* [COLLECTED DATA]:
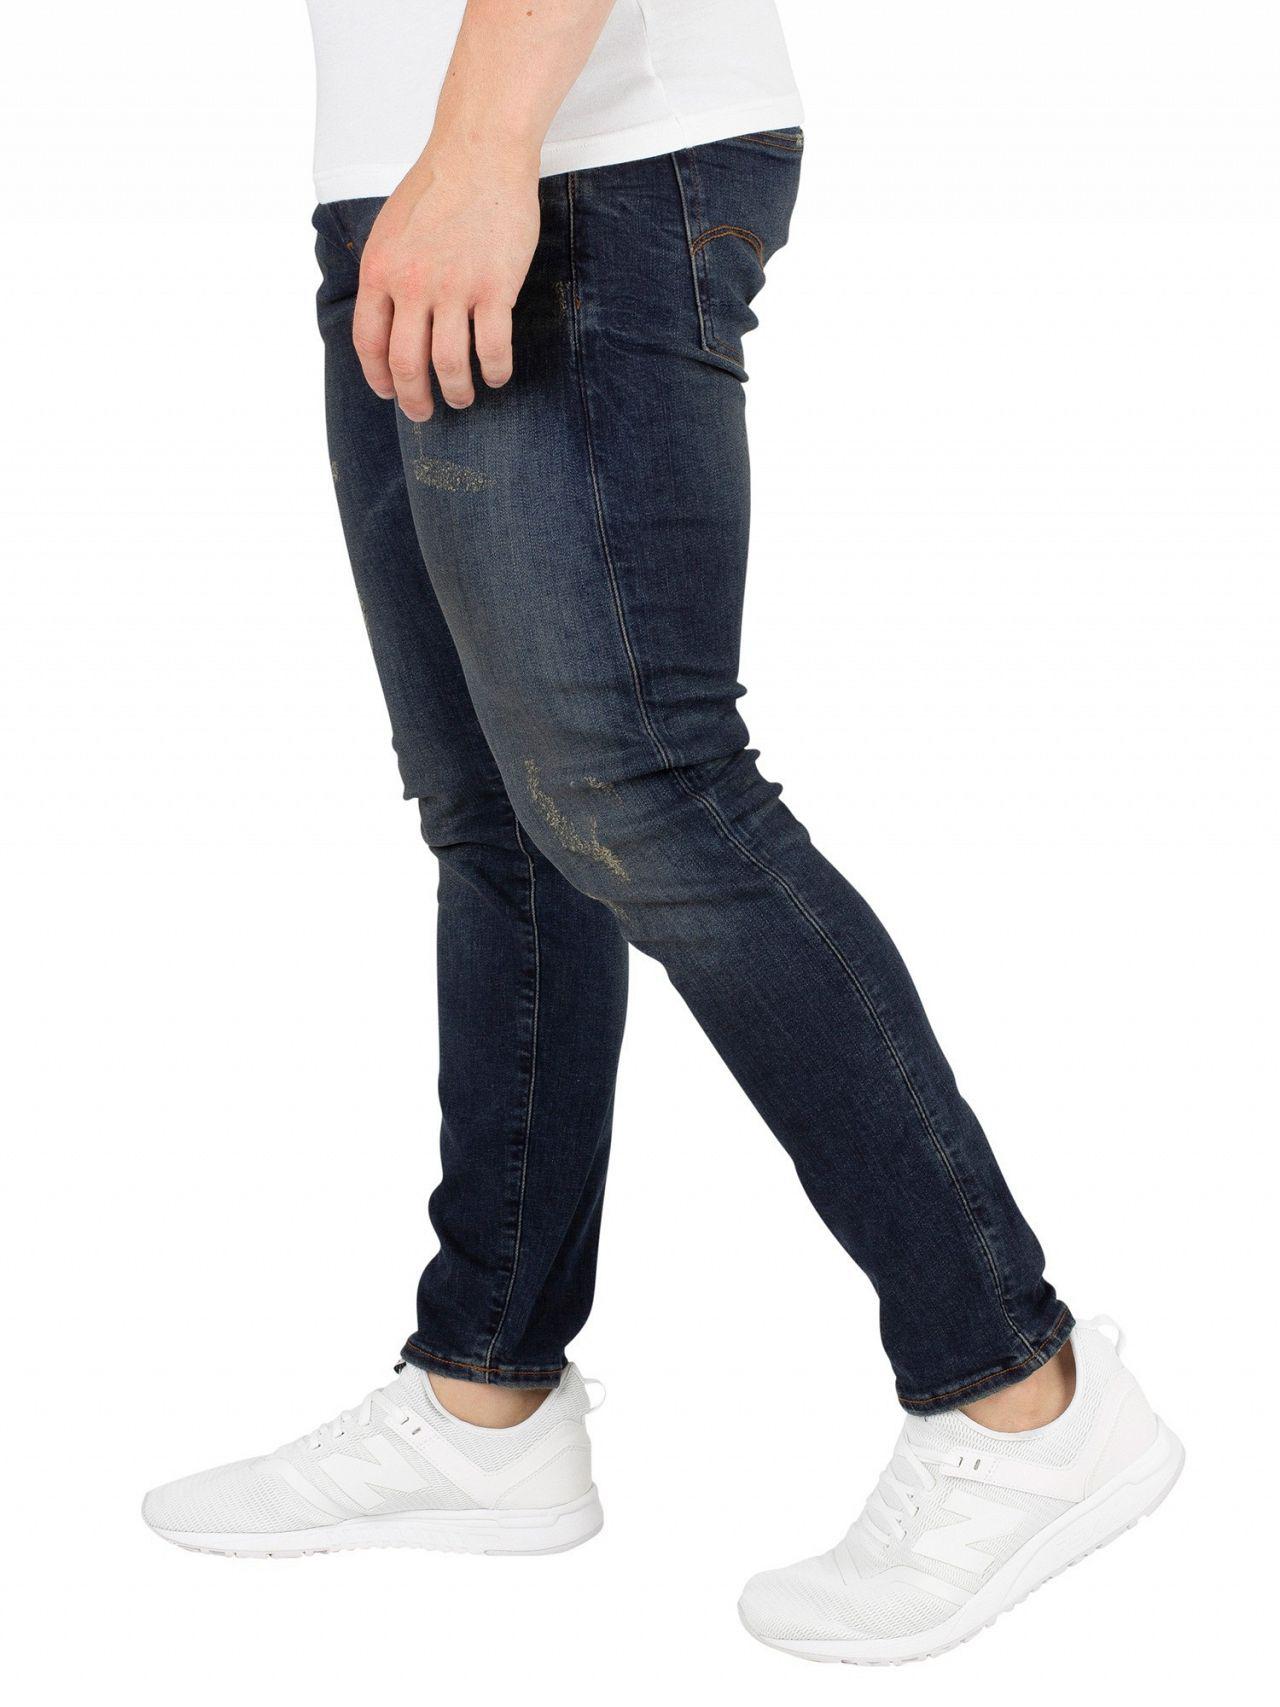 G-Star RAW Denim Dark Aged Antic Destroy 3301 Deconstructed Skinny Jeans in  Blue for Men - Lyst
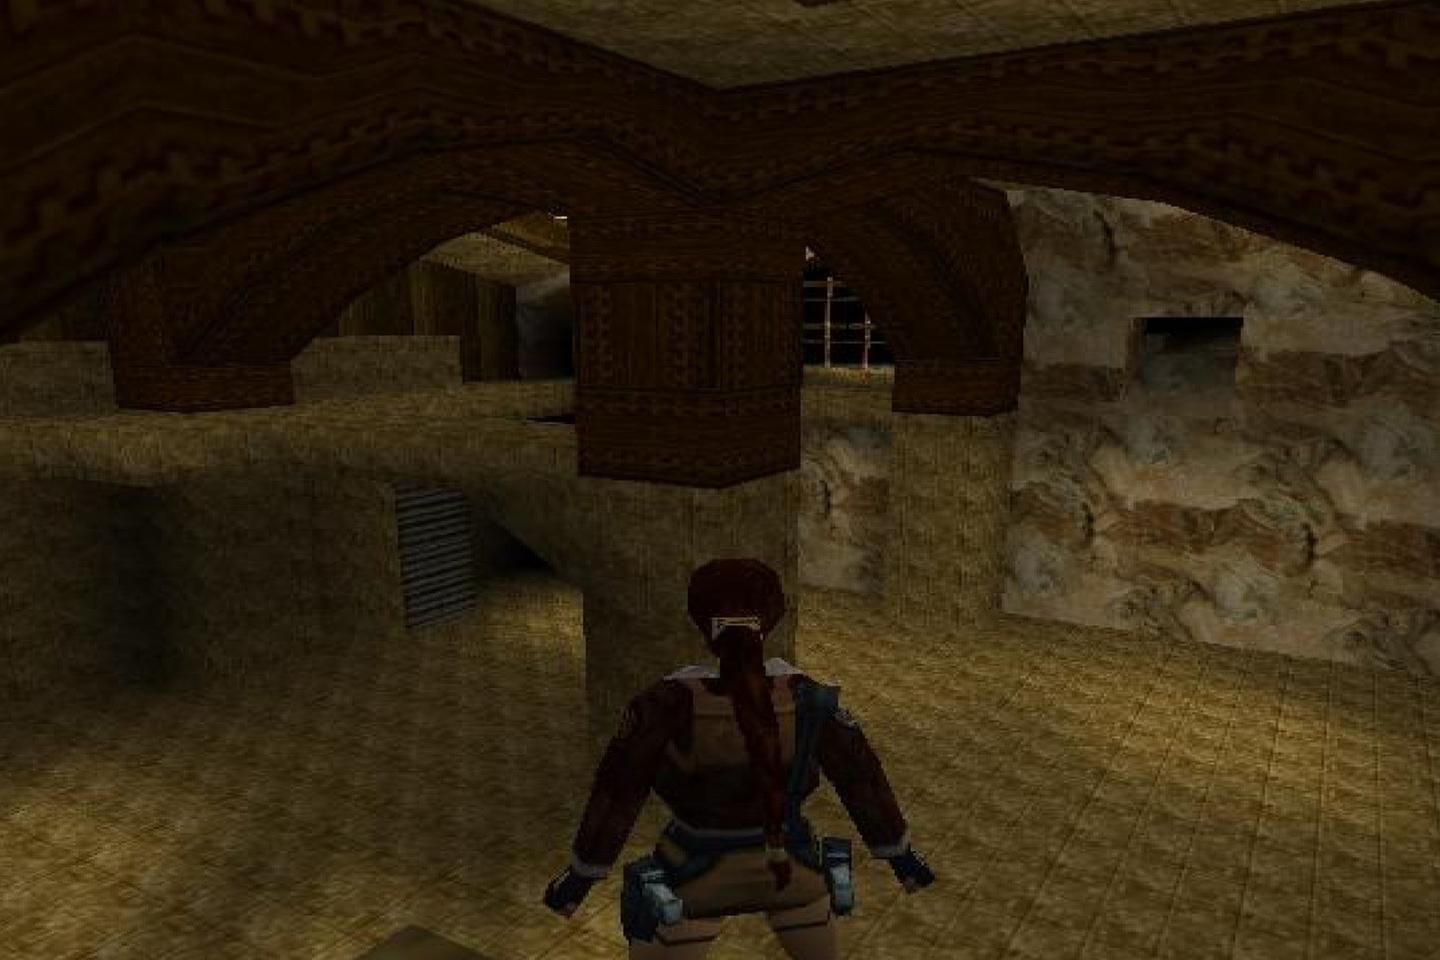 Lara wearing padded gear in dimly lit tomb
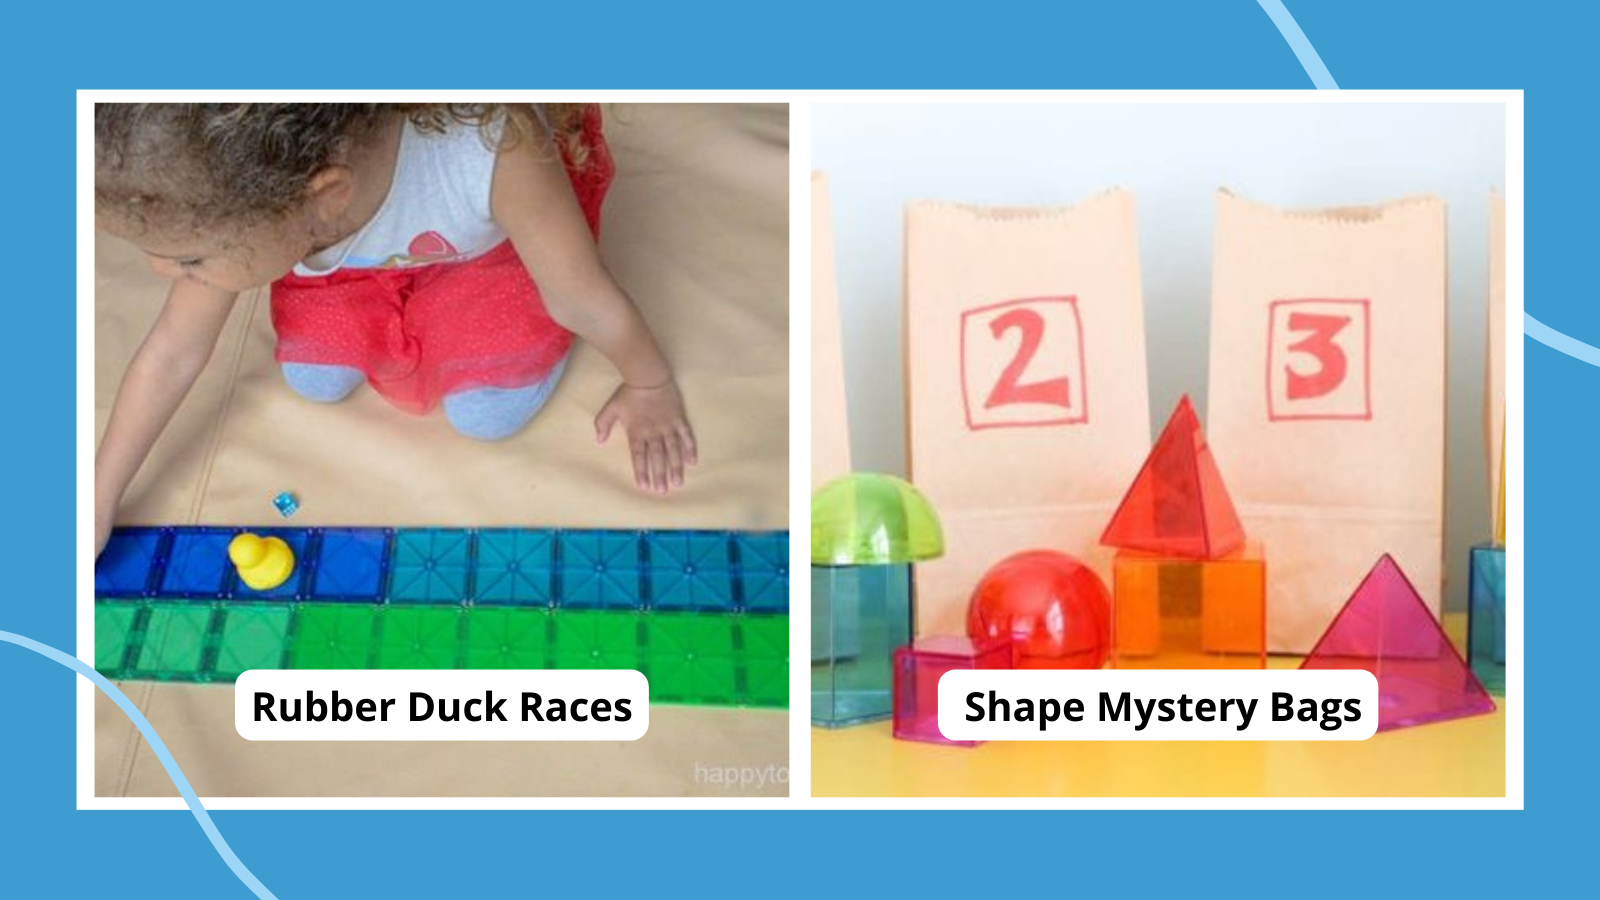 30 Must-Have Kids' Craft Supplies - Playdough To Plato

* [ACTIVITY]:
The reply should consist of the listing restated word for word, with its pictures removed.

* [RESPONSE]:
 G-Star RAW Denim Dark Aged Antic Destroy 3301 Deconstructed Skinny Jeans in  Blue for Men - Lyst
 Lara wearing padded gear in dimly lit tomb
 30 Must-Have Kids' Craft Supplies - Playdough To Plato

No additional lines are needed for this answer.